“No need to join coalition government” – Democrat politician

PHOTO: Facebook/Parit Wacharasindhu

With around 55 seats won after Sunday’s election, the Democrats are one of a few political parties which will hold the balance of power. They will be able to choose between joining an alliance with a Pheu Thai-led bloc or siding with the Phalang Pracharat-led camp.

But Parit Wacharasindhu, a new generation Democrat Party member, says he wants his party to play a “constructive” opposition role in line with the party’s ideology rather than join any coalition government.

“As a party member and a representative of the 3.9 million popular votes we won, I think we need to be honest to our ideology.”

Parit, who is a nephew of ex-party leader Abhisit Vejjajiva, made his comments in a Facebook Live interview today. Parit was referring to Abhisit’s declaration before the election that the party would neither support General Prayut Chan-o-cha’s return to power as prime minister nor ‘corrupt politicians’.

Former Democrat PM Abhisit resigned as party leader after the Democrats faced huge losses in Sunday’s poll.

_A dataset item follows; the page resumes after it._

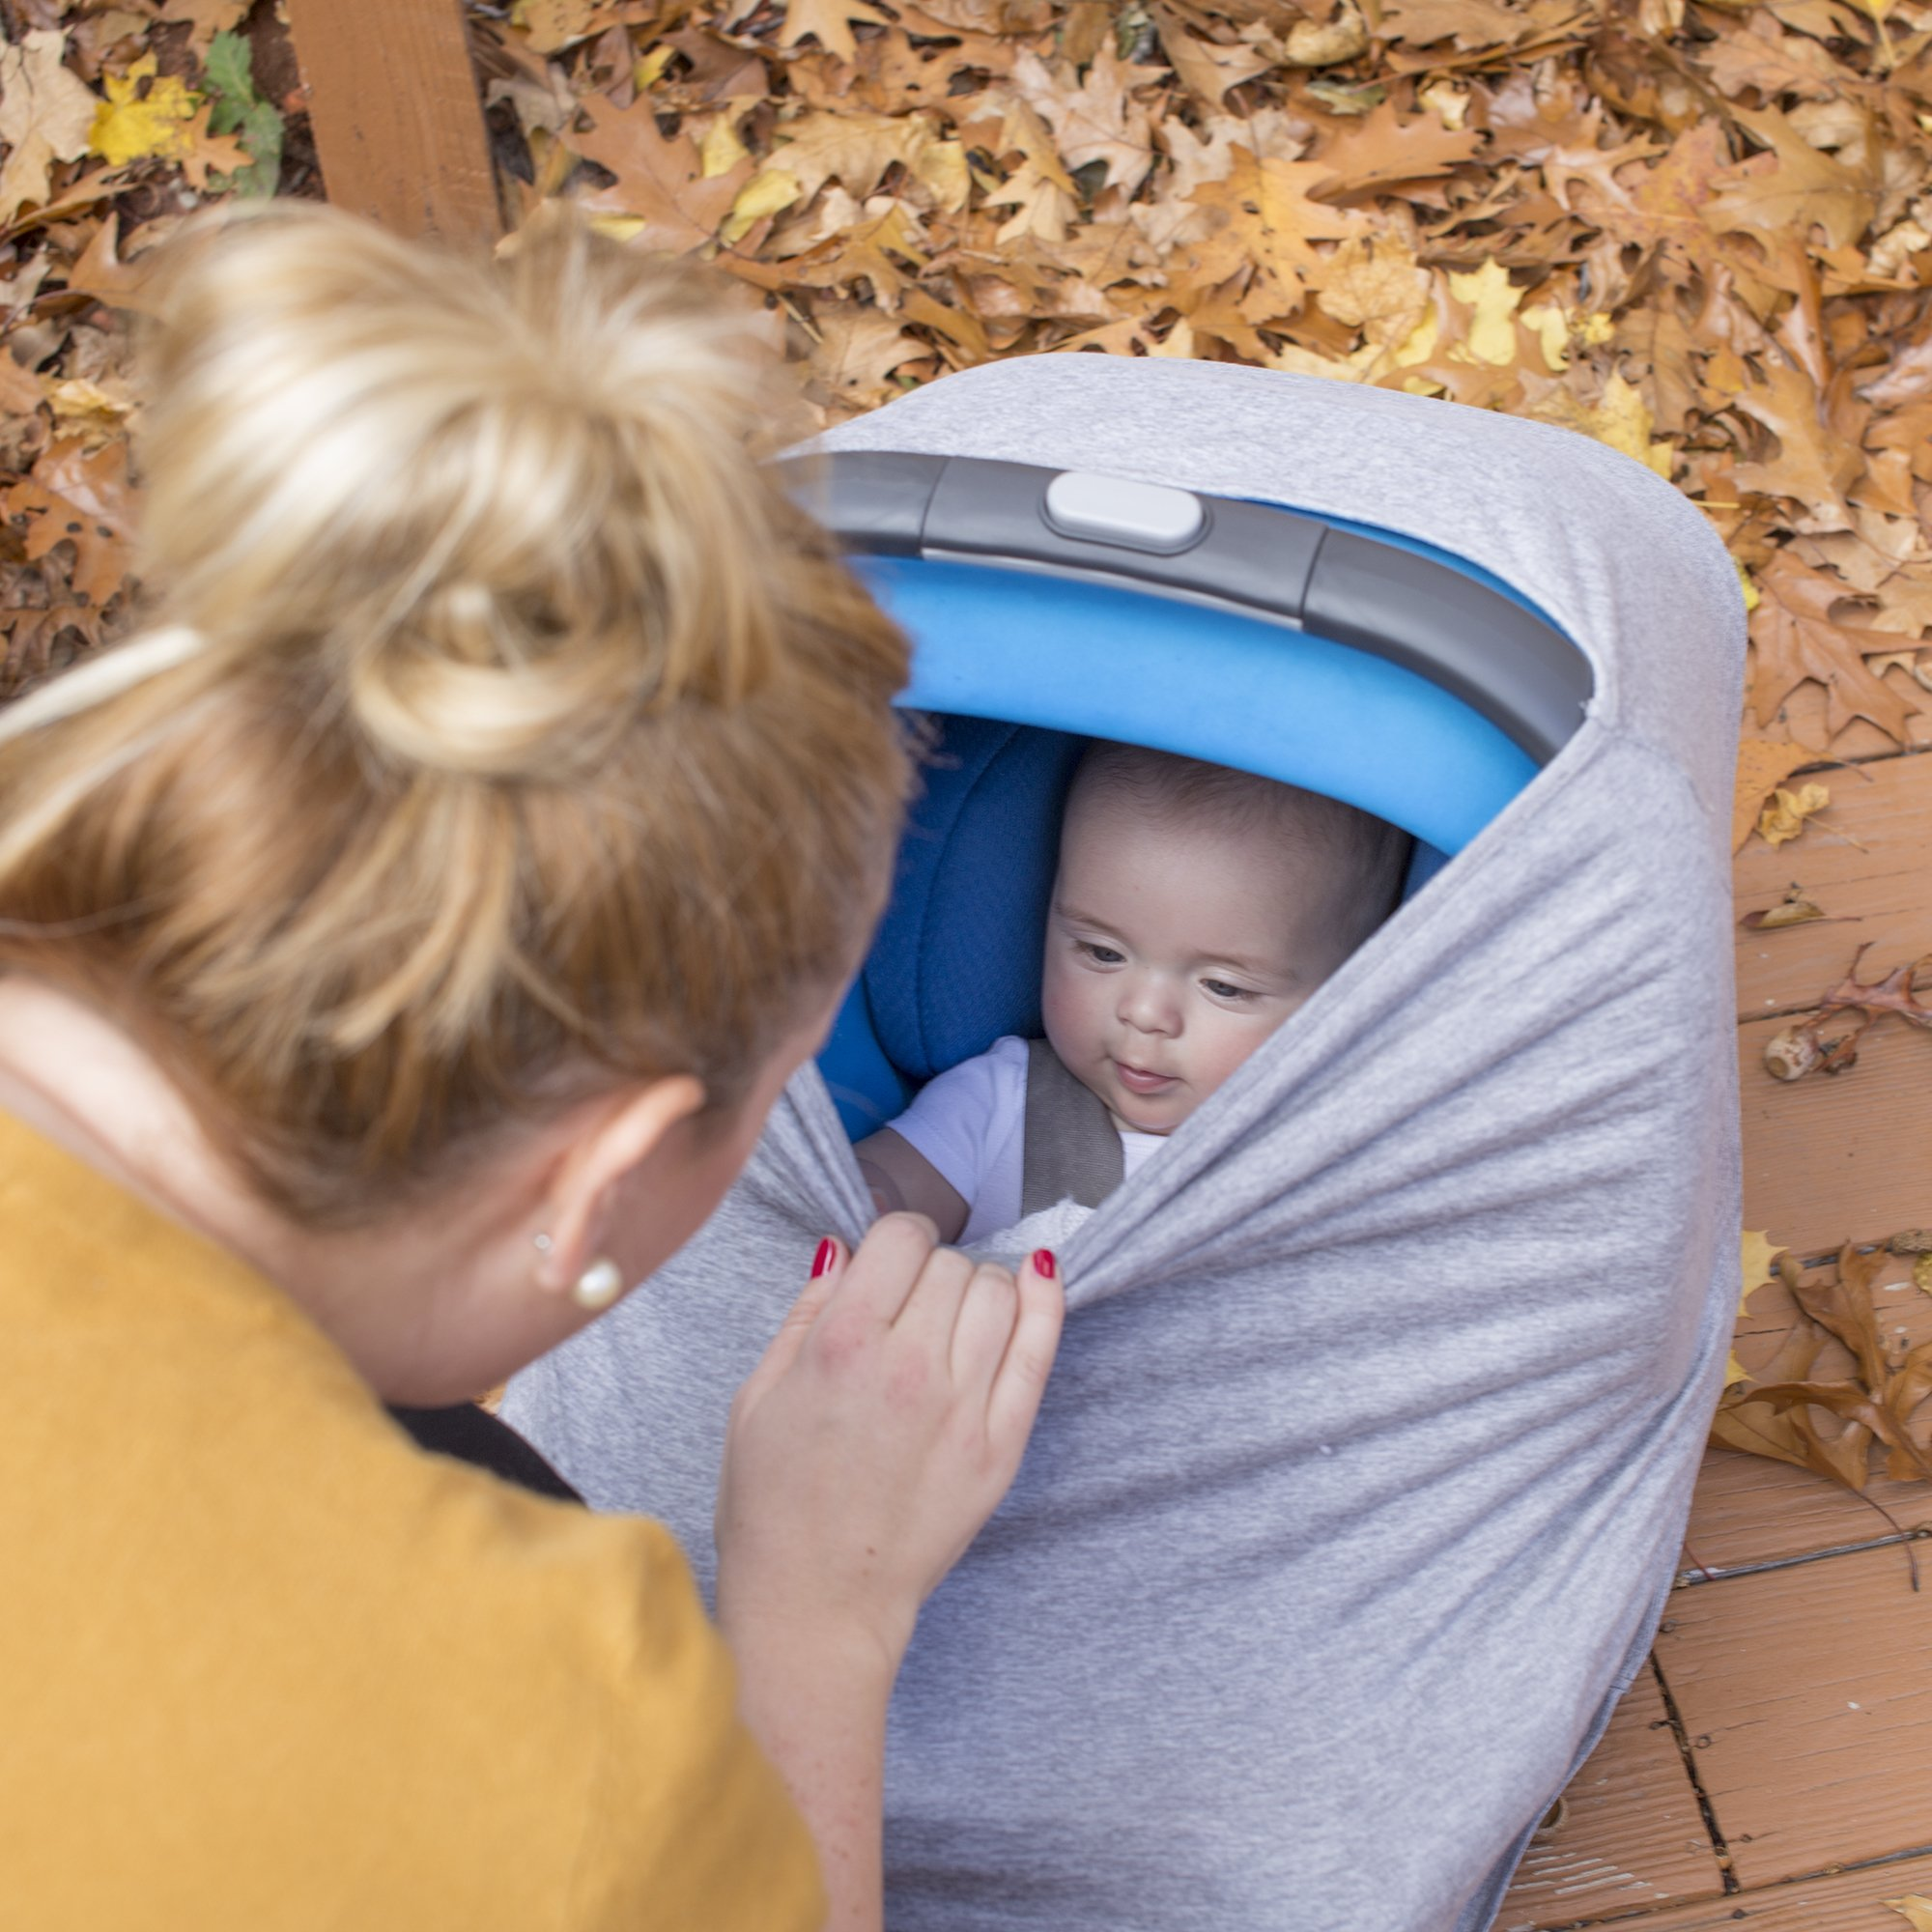 Nüroo Multi-Use Baby Car Seat, Nursing and Pumping Cover: Heather Grey

Parit said the opposition role he was recommending did not mean the party would obstruct the country’s efforts to move forward; some observers have suggested attempts to form a coalition government may not bear fruit without the Democrats joining either Pheu Thai or Phalang Pracharat.

He said a bloc that could successfully gather a majority of more than 250 seats was entitled to be the next government, whether or not that party is the Democrats’ old rival Pheu Thai.

The Pheu Thai-led bloc now claims to have at least 255 seats and to be in the best position to form the next government.

Phalang Pracharat, meanwhile, is still seeking confirmed coalition partners because some parties like the Democrats and Bhumjaithai remain undecided. But even if both parties side with a Palang Pracharat alliance at this stage, the bloc will still not have a 250 seat majority.

Parit said the Democrats did not need to be part of a coalition government, no matter if it were led by Pheu Thai or Phalang Pracharat, but they would vote in parliament for good policies or those which tallied with their own and against any issue that contradicts with the party’s policies.

“At the same time we will play a role in scrutinising the government,” he added.